[Dataset excerpts — start]

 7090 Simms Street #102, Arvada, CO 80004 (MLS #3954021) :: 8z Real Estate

[Dataset excerpts — finish]
[Dataset excerpts — start]

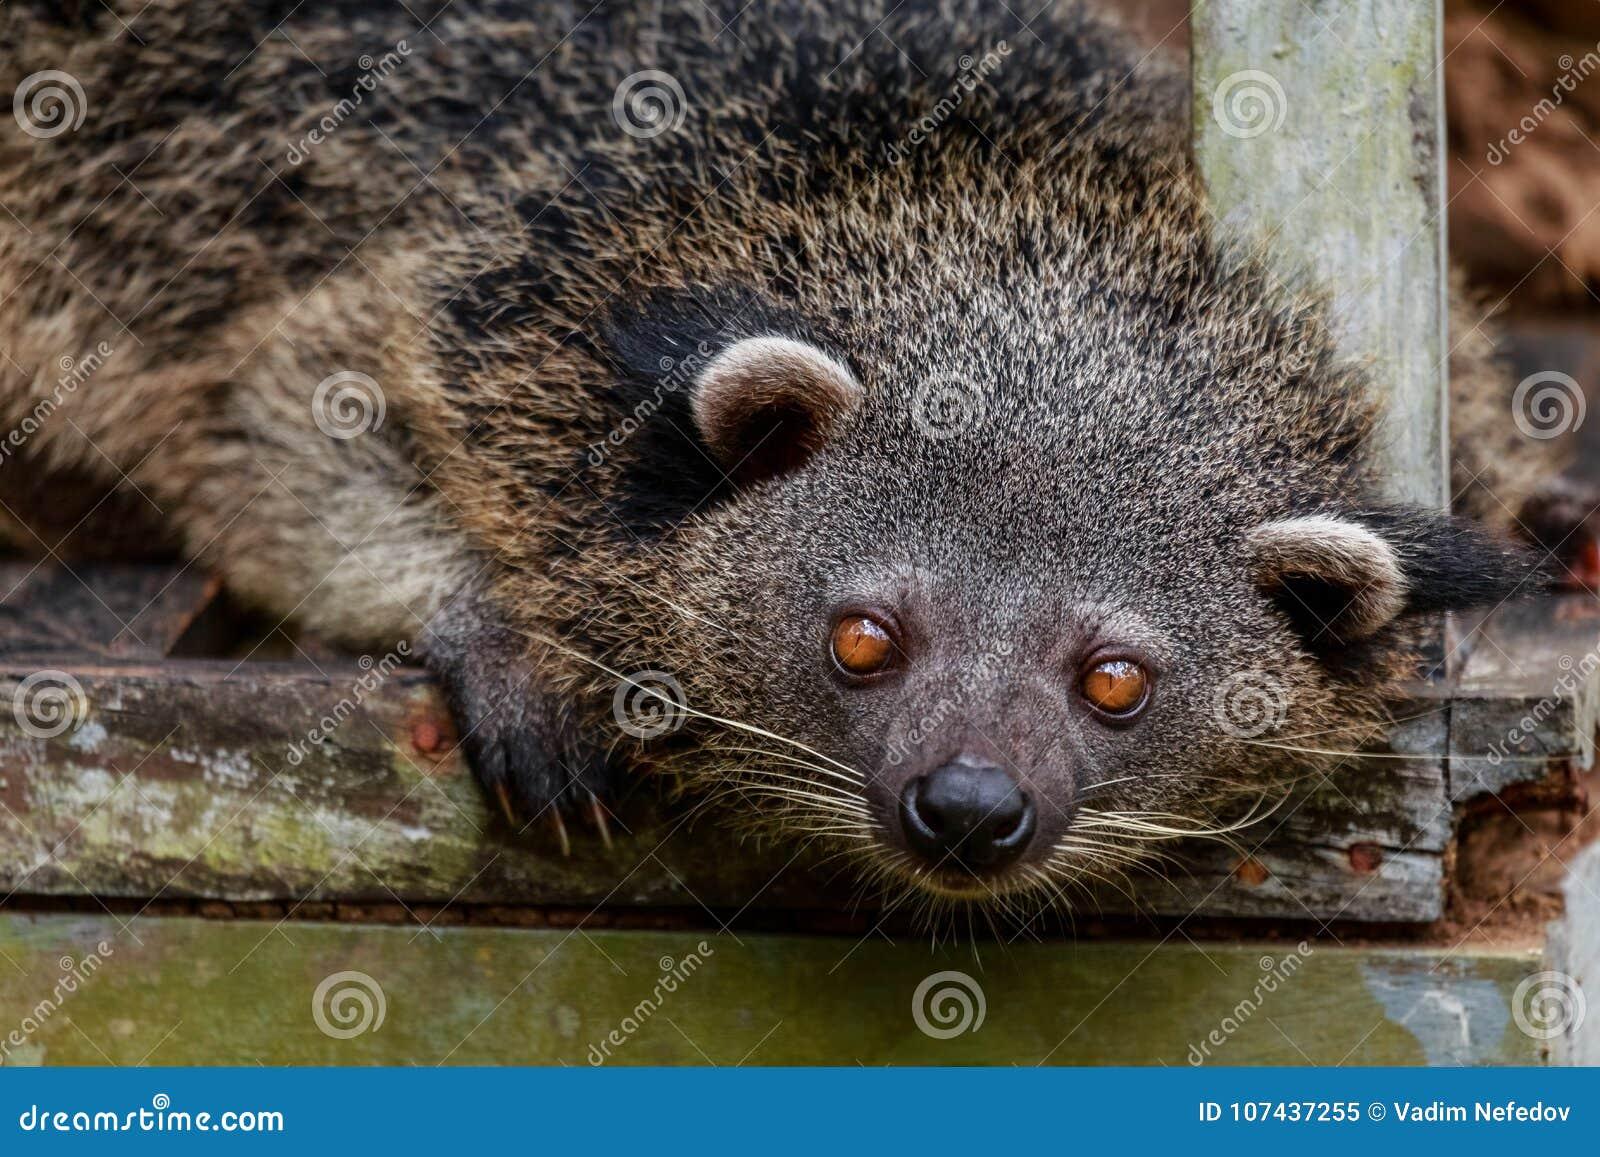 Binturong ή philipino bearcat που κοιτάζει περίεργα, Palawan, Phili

[Dataset excerpts — finish]
[Dataset excerpts — start]

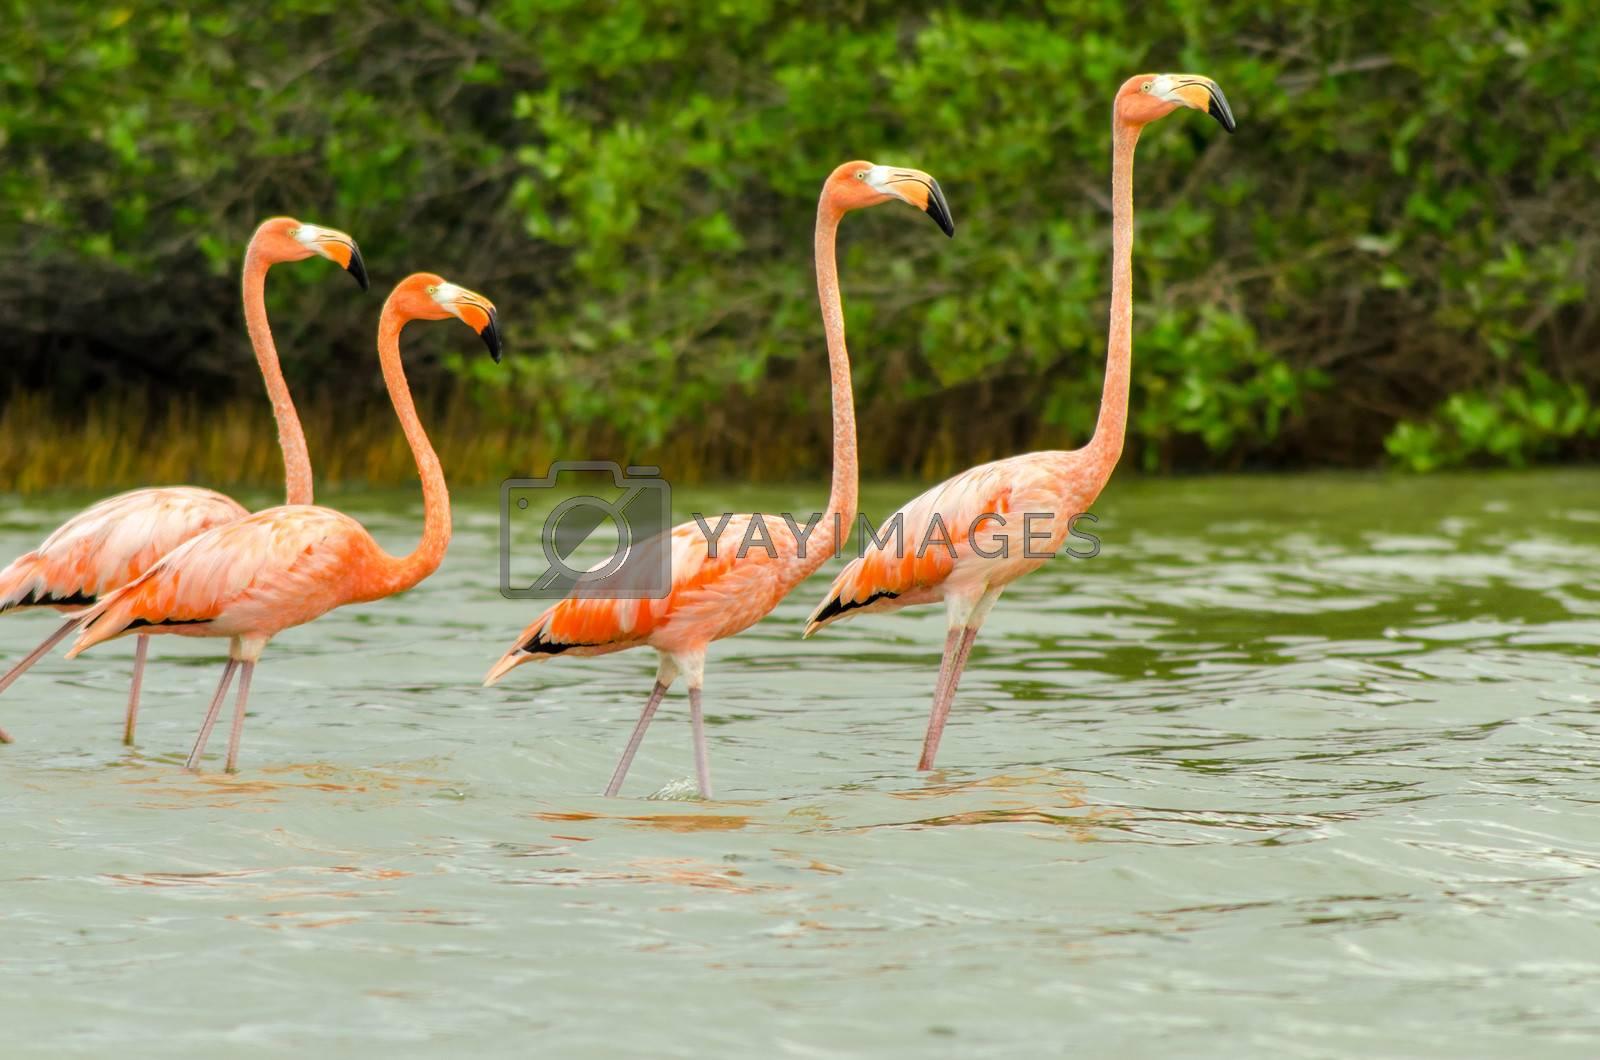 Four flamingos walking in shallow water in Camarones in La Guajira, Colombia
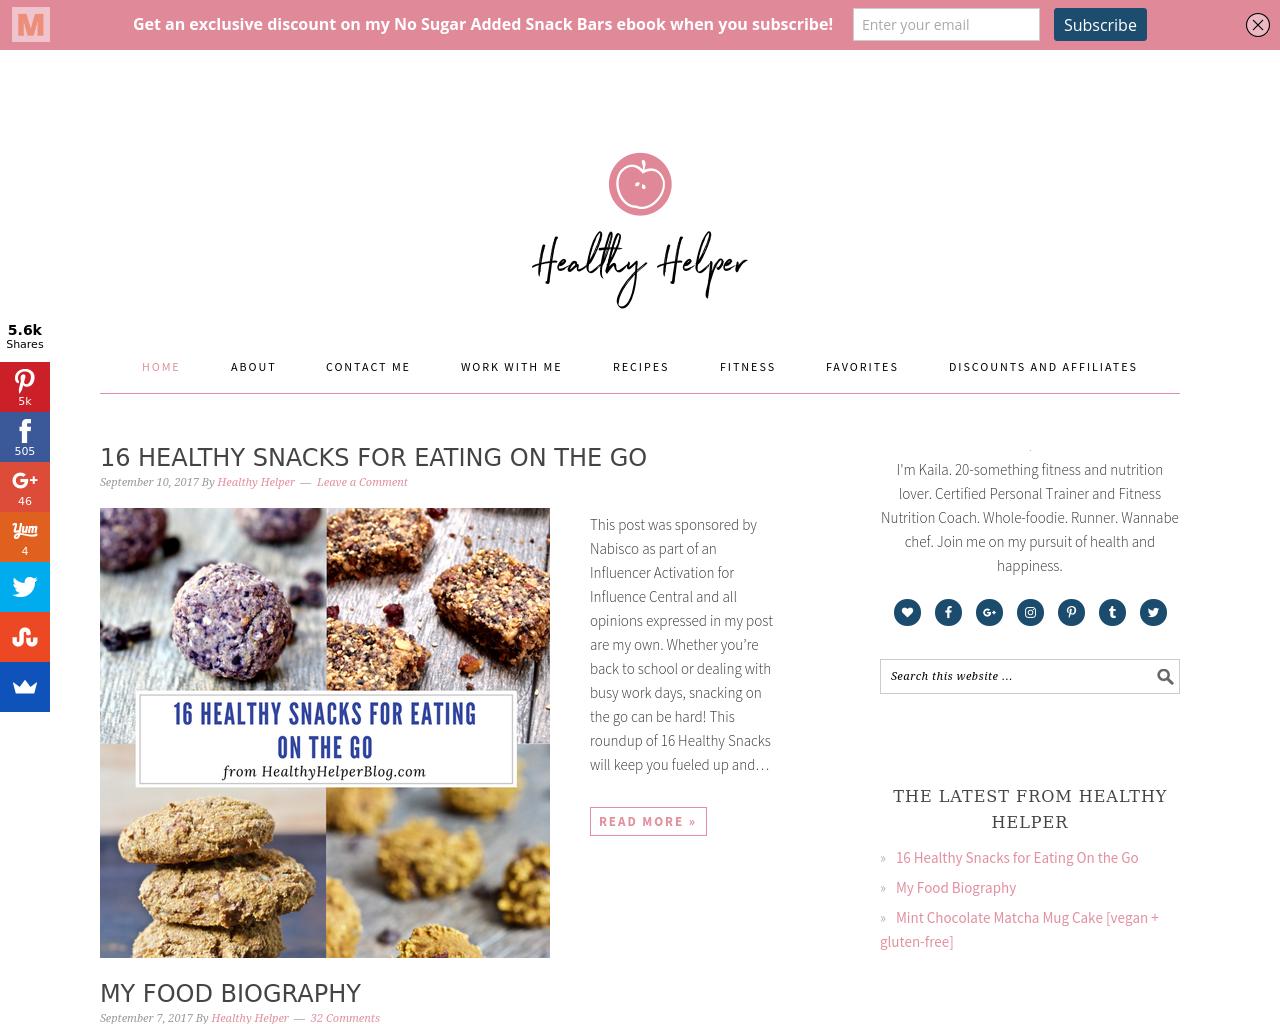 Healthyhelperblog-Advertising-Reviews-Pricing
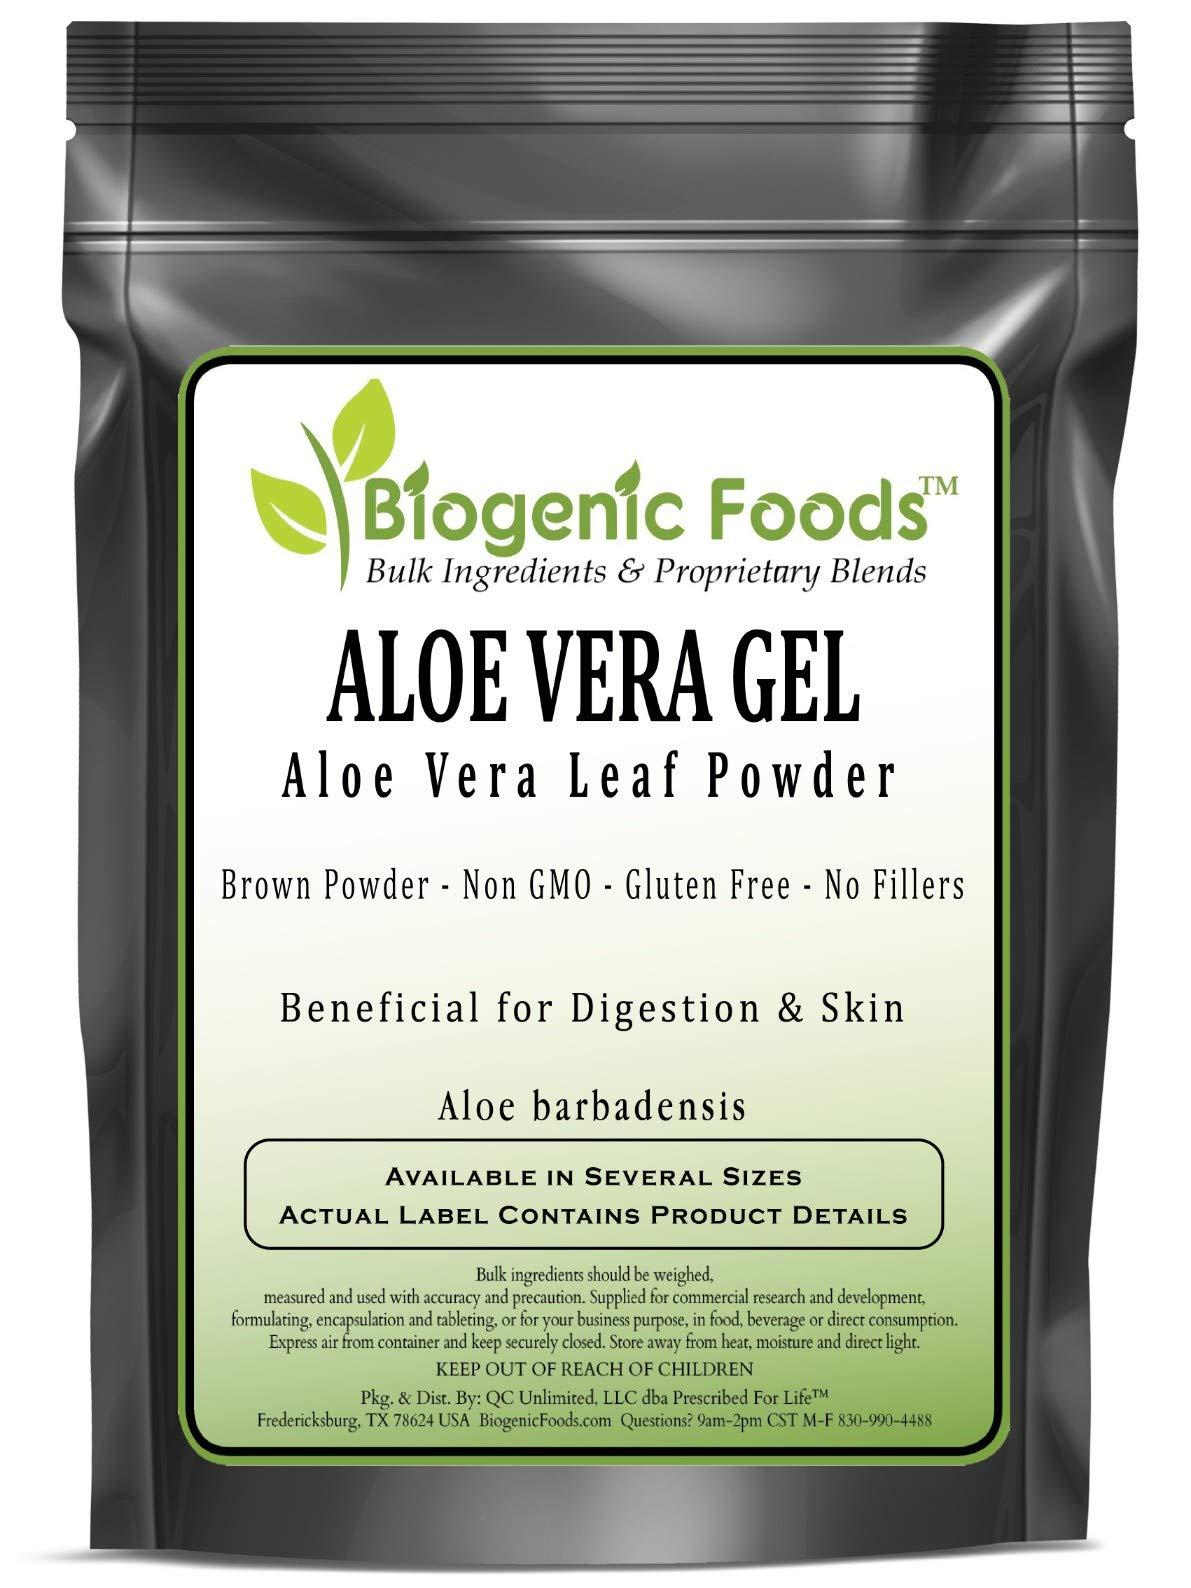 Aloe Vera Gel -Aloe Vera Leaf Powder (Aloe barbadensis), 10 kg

[Dataset excerpts — finish]

# What is needed:
Nothing except the lines from the one containing "Four flamingos walking" through the one containing "Aloe Vera Gel" should appear in the answer, exactly as above and without pictures.

# Solved problem:
 Four flamingos walking in shallow water in Camarones in La Guajira, Colombia
 Healthyhelperblog-Advertising-Reviews-Pricing
 Aloe Vera Gel -Aloe Vera Leaf Powder (Aloe barbadensis), 10 kg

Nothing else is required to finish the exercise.